If anyone here knows anything about the chemical dimethyltryptamine, just jot it down right here  ::D: . All i know so far is that it is a chemical produced by your brain to dream. You can extract it from anything such as grass or frogs if you have a chemistry set, then smoke it and it will do crazy things. I'm not going to try it, but it's still interesting.

----------


## Fattoxthegreat

I know of a special freezing point=depression, chemical solidification method known to yield 2 - 3 grams of ideally pure, wonderful, Dm....ICE CREAM.

PM me for further details if interested. I plan on brewin' some ice cream...THIS WEEK!

----------


## Fattoxthegreat

No, but seriously. This world NEEDS more people like me....who aren't afraid to spend a "nickel" in the joint to truly support their beliefs...For the longest time now, I've been saying..."NEVER let the law dictate your beliefs!"

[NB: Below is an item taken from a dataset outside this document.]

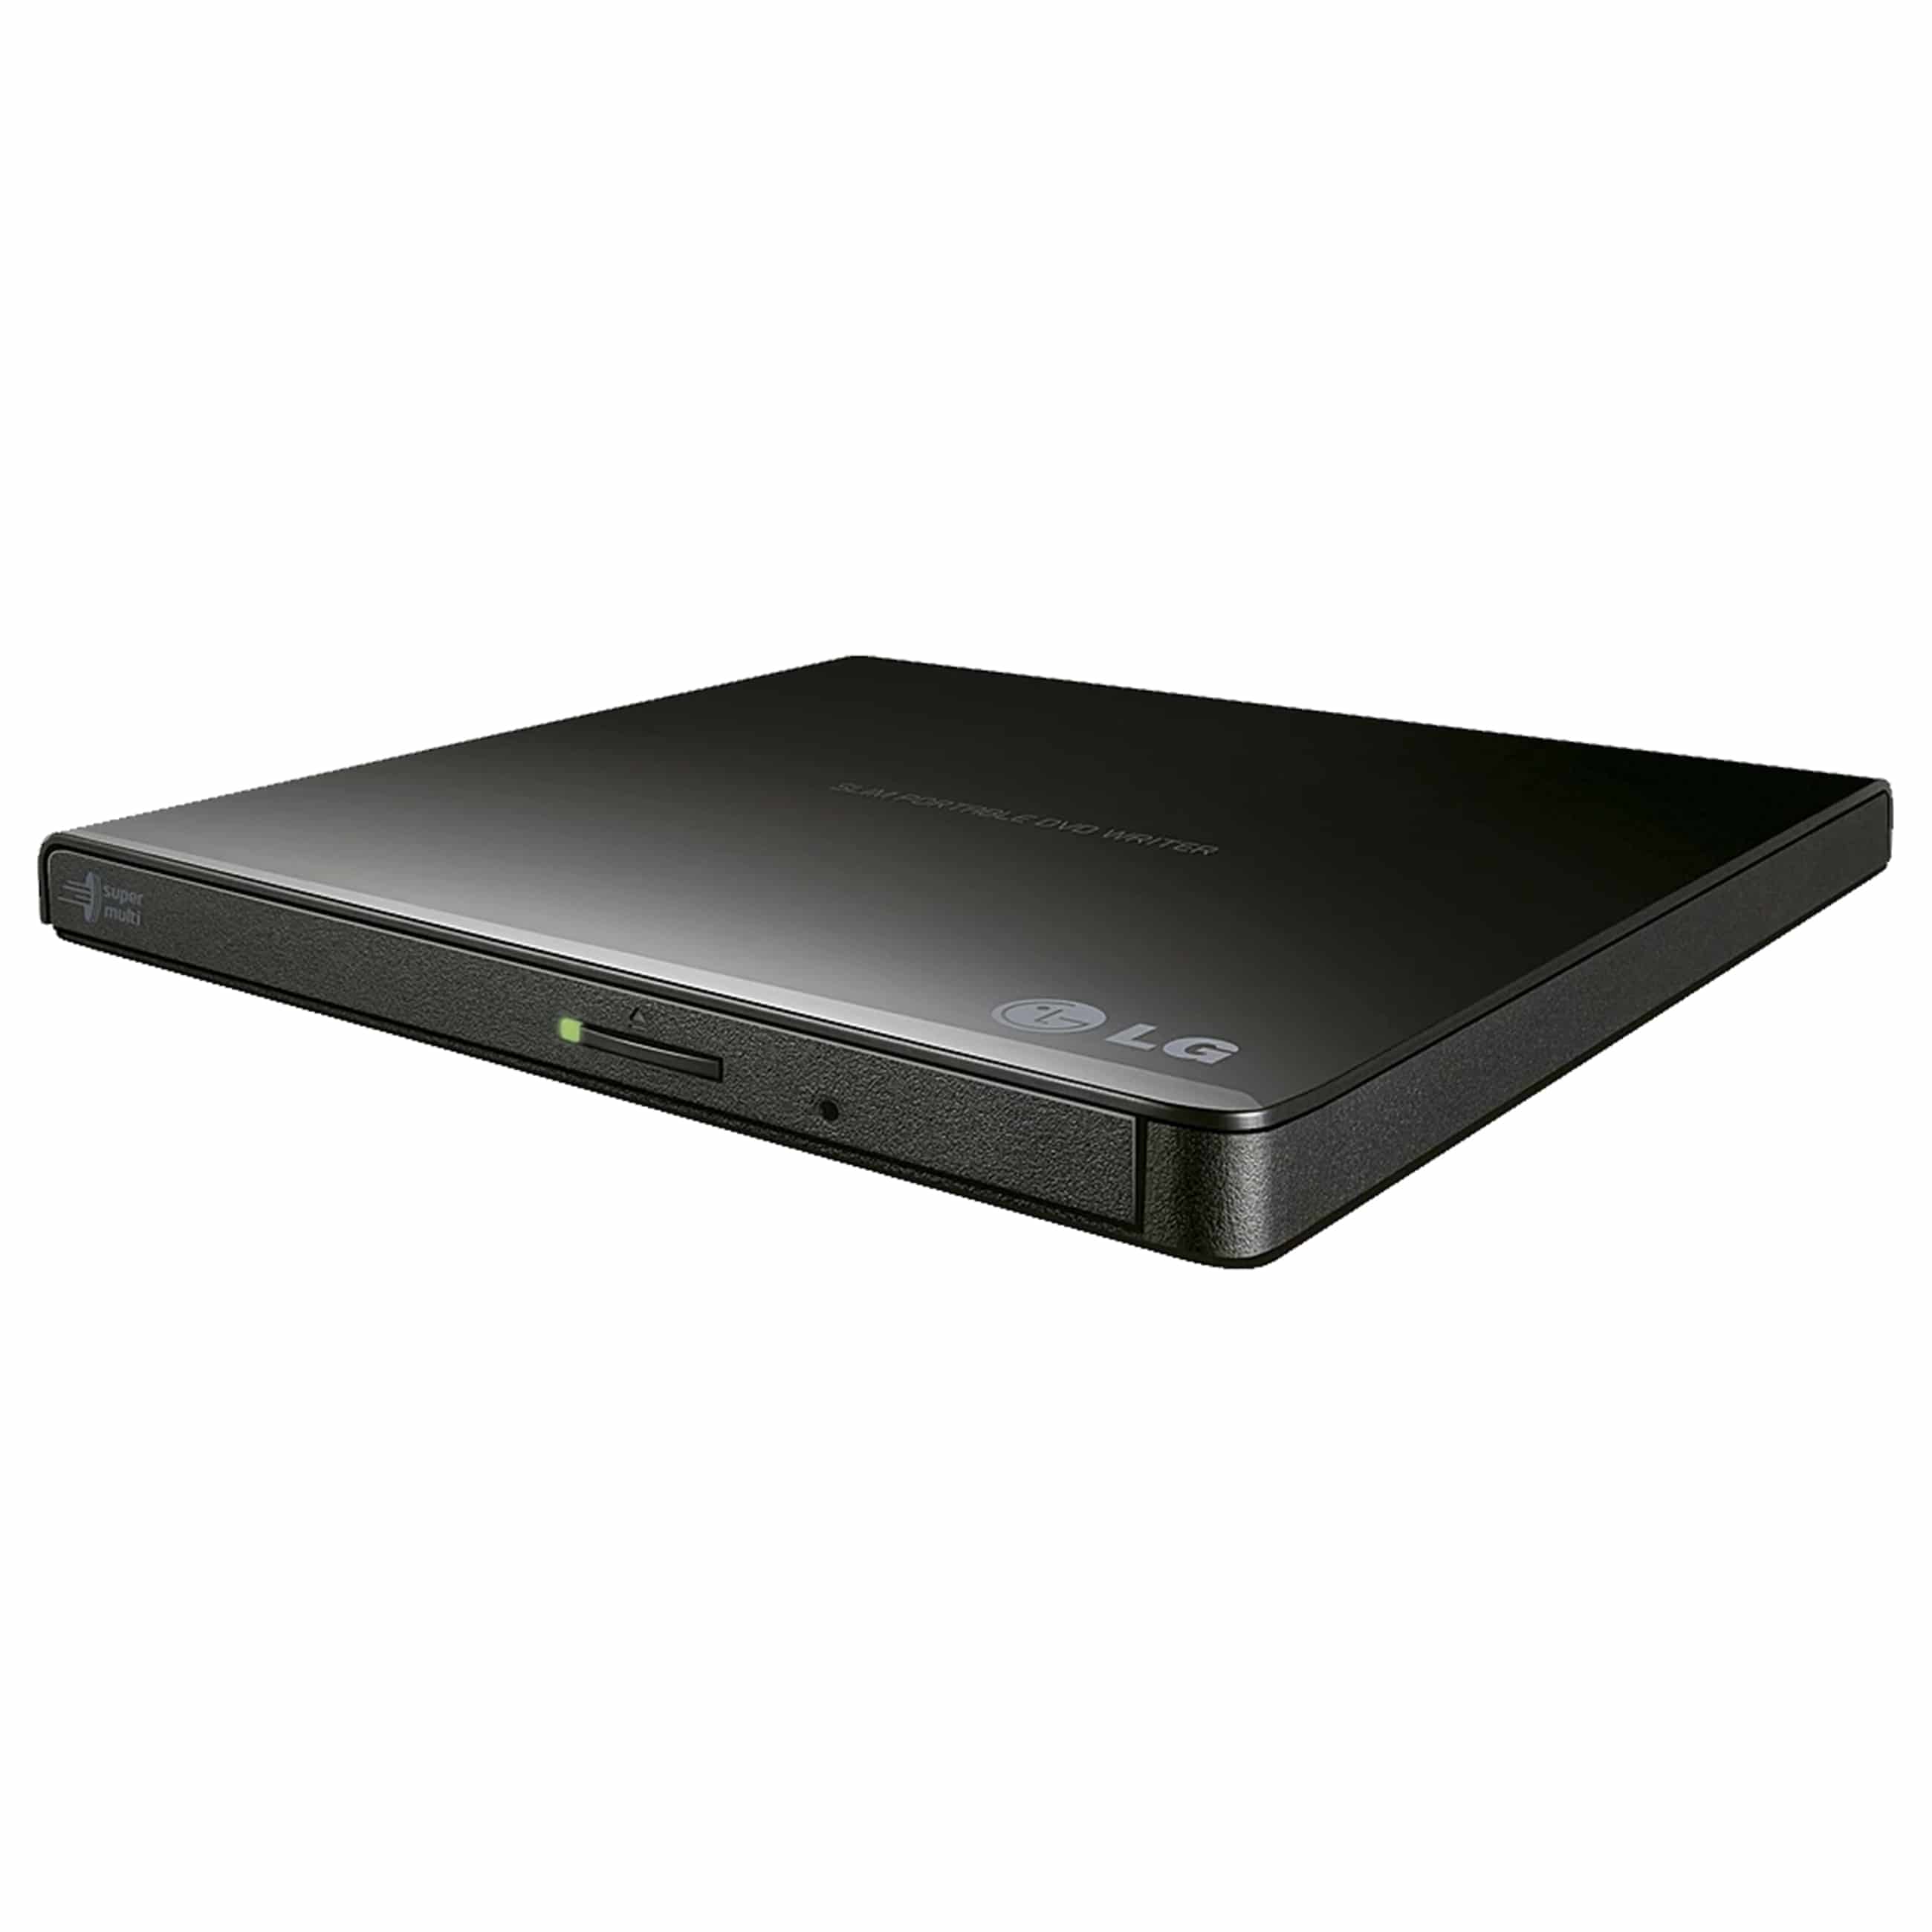 LG GP57EB40 externer DVD-Brenner - Schwarz - Neu

Sorry for the DP, but I thought it was meaningfully poignant..."VIVA REVOLUTION!"

----------


## CarmineEternity

Like there haven't been a THOUSAND other threads about DMT.

----------


## H3r0ofTHEday

sry i dont come here often lol

----------


## Numeron

The common misconseption that dmt is produced in the brain during dreaming is a THEORY only im afraid.

----------